[[ PROVIDED MATERIAL open ]]

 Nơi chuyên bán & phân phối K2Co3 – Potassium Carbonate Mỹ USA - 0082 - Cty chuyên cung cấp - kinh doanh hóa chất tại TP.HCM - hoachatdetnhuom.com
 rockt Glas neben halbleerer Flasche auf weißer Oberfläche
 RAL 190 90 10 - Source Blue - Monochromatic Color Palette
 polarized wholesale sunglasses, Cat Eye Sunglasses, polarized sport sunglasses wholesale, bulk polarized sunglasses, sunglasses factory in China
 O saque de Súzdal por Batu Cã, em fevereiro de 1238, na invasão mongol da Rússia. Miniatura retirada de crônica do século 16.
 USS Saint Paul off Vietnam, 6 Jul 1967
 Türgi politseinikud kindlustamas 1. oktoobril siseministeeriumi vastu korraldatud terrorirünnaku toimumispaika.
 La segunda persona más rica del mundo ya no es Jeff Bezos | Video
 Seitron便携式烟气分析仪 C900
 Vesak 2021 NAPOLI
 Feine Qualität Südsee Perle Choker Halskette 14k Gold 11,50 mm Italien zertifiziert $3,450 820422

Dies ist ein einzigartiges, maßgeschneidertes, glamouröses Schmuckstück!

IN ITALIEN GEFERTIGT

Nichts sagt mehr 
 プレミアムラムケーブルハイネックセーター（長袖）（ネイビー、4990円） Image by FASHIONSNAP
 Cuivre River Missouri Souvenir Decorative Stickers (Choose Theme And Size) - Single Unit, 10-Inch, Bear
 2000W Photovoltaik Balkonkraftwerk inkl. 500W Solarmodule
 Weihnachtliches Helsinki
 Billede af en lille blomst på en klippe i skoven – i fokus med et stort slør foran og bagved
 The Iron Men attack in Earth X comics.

[[ PROVIDED MATERIAL closed ]]

● **ACTIVITY**:
Repeat nothing before the line containing "2000W Photovoltaik Balkonkraftwerk"; repeat that line and every later line of the listing exactly.

● **EXERCISE SOLUTION**:
 2000W Photovoltaik Balkonkraftwerk inkl. 500W Solarmodule
 Weihnachtliches Helsinki
 Billede af en lille blomst på en klippe i skoven – i fokus med et stort slør foran og bagved
 The Iron Men attack in Earth X comics.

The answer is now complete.